==== Source material ====
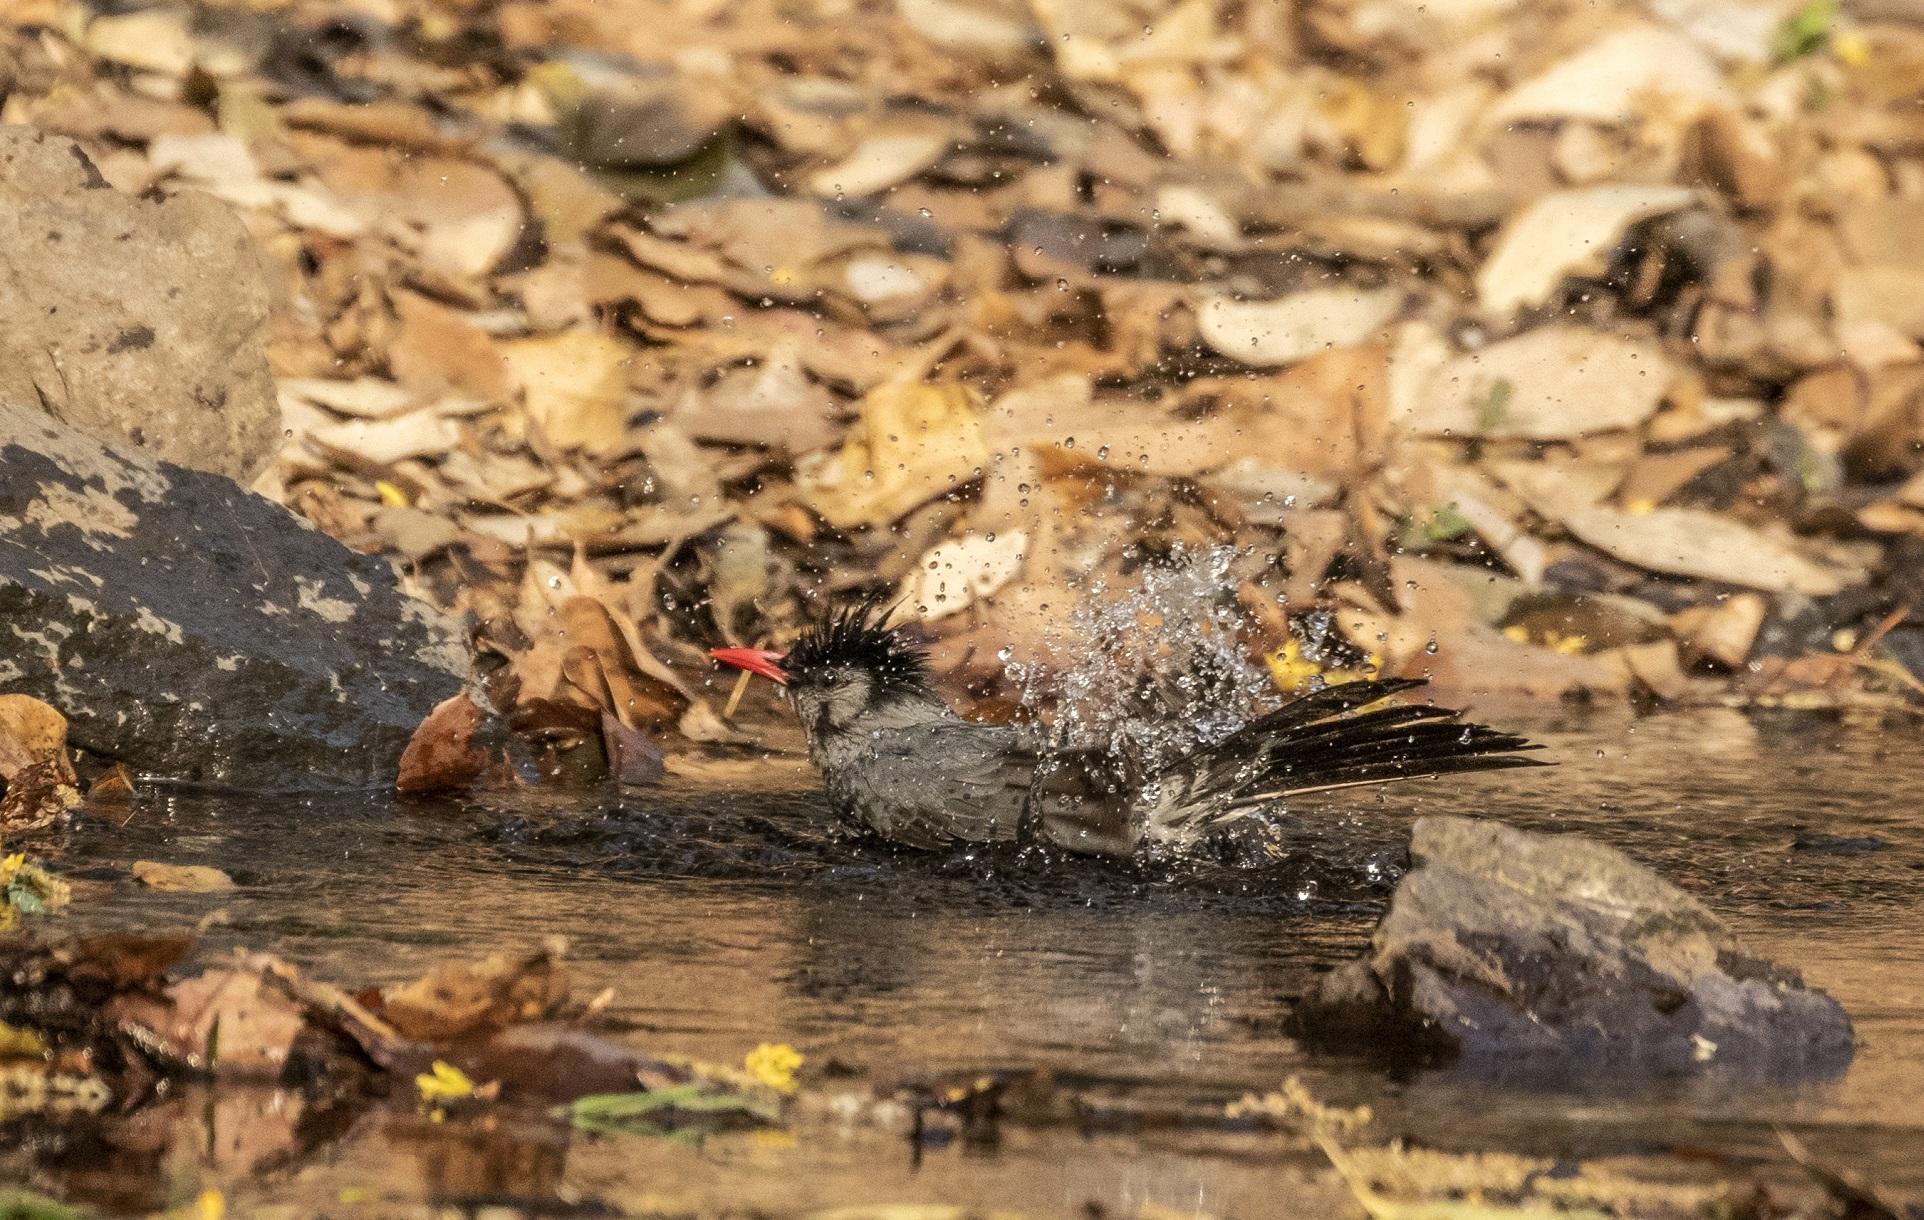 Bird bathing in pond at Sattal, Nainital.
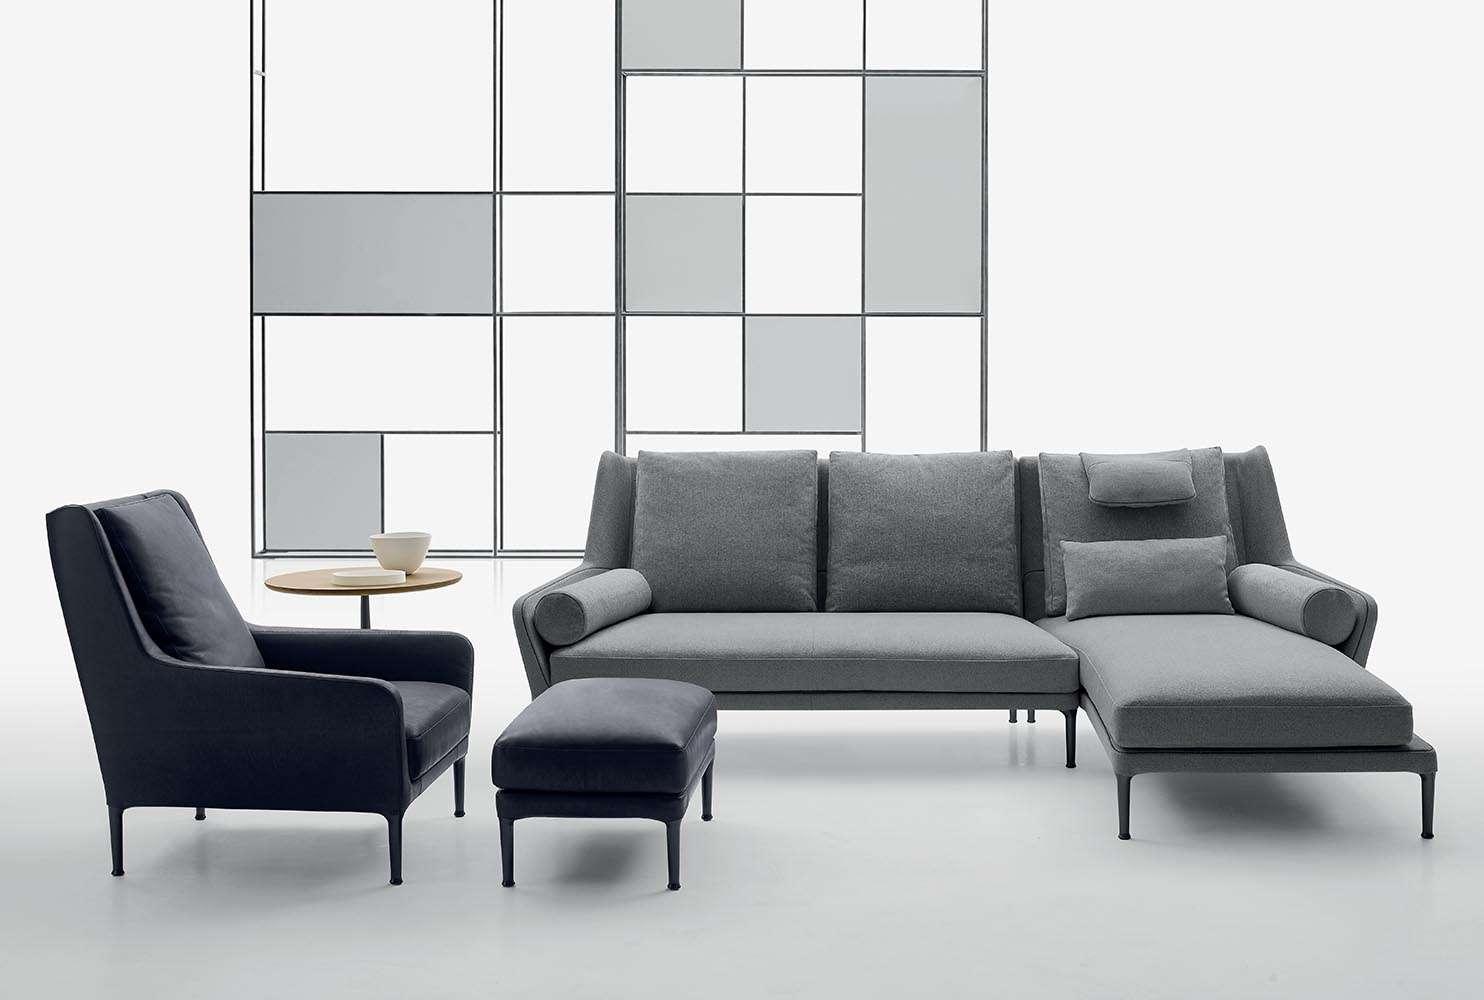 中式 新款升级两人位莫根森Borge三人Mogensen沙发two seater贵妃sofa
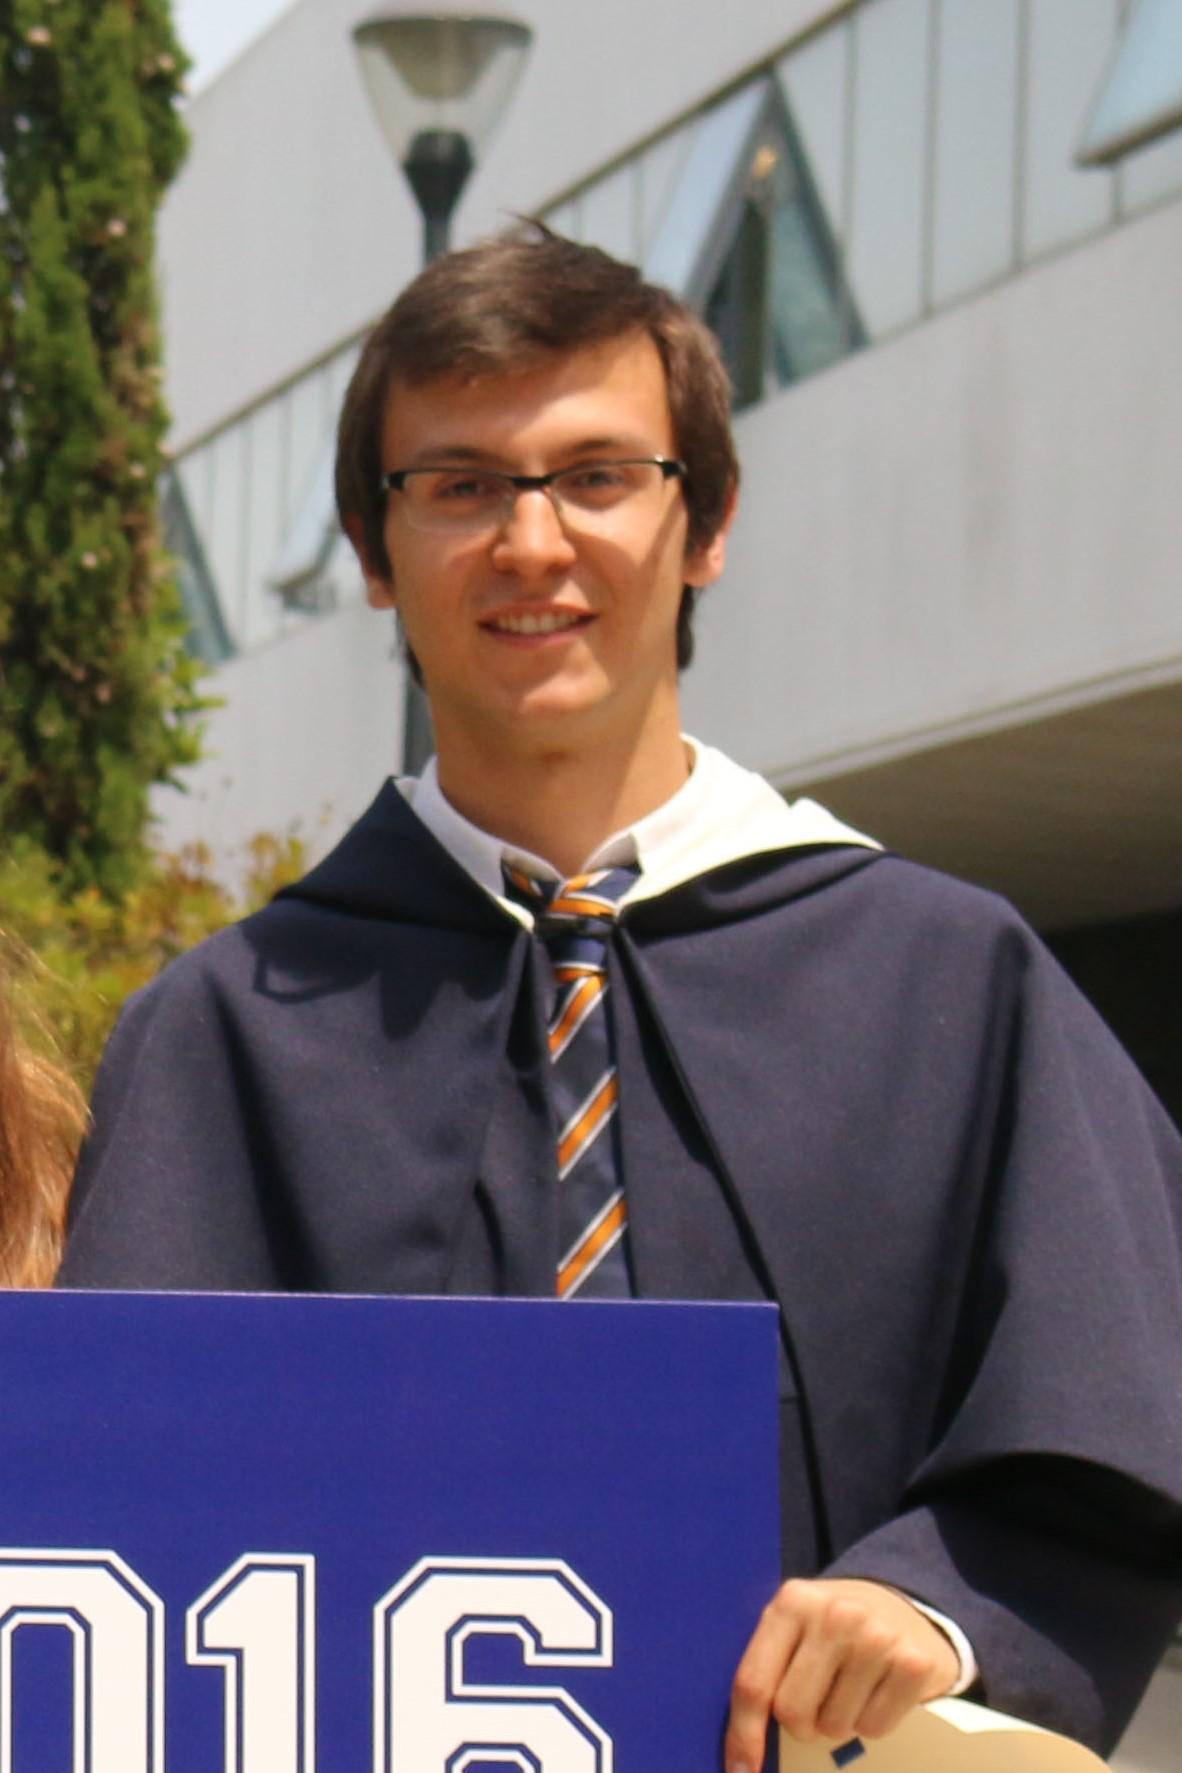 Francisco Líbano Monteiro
====
Work request:
Each line from the one that contains "中式 新款升级两人位莫根森Borge三人Mogensen沙发two seater贵妃sofa" to the end of the listing must be quoted exactly; no other line and no picture belongs in the copy.

Reply to the task:
 中式 新款升级两人位莫根森Borge三人Mogensen沙发two seater贵妃sofa
 Francisco Líbano Monteiro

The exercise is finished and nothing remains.